SERVER_CLIENT_LOG EVENT_ID 23 & 24 are not translated for external logging file scm_agent_act.tmp
Fix ID: 2351718
Symptom: In the Schema Reference Guide, SERVER_CLIENT_LOG EVENT_ID numbers 23 and 24 are not translated for the external logging file scm_agent_act.tmp.
Solution: For reference, the following text was added to the readme.html:
Event ID 23 = Client has downloaded globalindex.dax
Event ID 24 = Client has downloaded GUP list
Data is missing in the "Infected Only" compliance report
Fix ID: 2295643
Symptom: No information is displayed for some clients in the "Infected Only" compliance report. This report can be reached via Monitors > Logs > Computer Status > Filter for "infected only."
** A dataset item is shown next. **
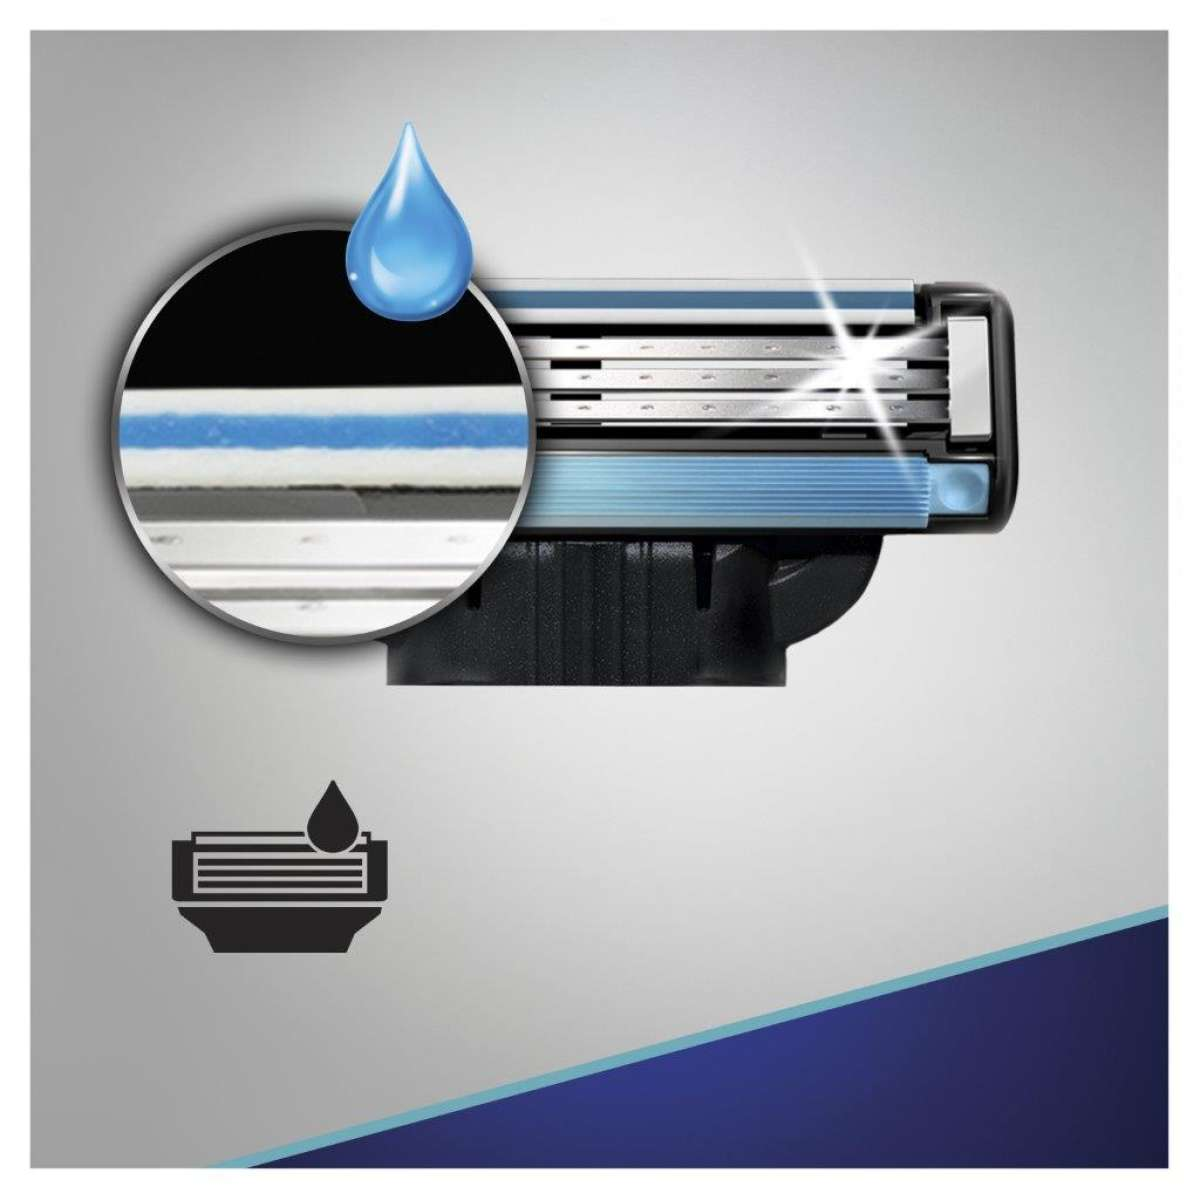 Сменные картриджи для бритья (Лезвия) Gillette Mach 3 8 шт. фото 5

Solution: Compressed file containers (.zip, .rar, etc.) are now excluded from the "infected only" report. Only infected file(s) from inside the container will be shown in the report.
Symantec Endpoint Protection Manager email notifications are sent repeatedly for old events
Fix ID: 2233045
Symptom: Multiple outbreak email notifications are sent during the damper period
Solution: SQL queries were modified to prevent notifications during the damper period.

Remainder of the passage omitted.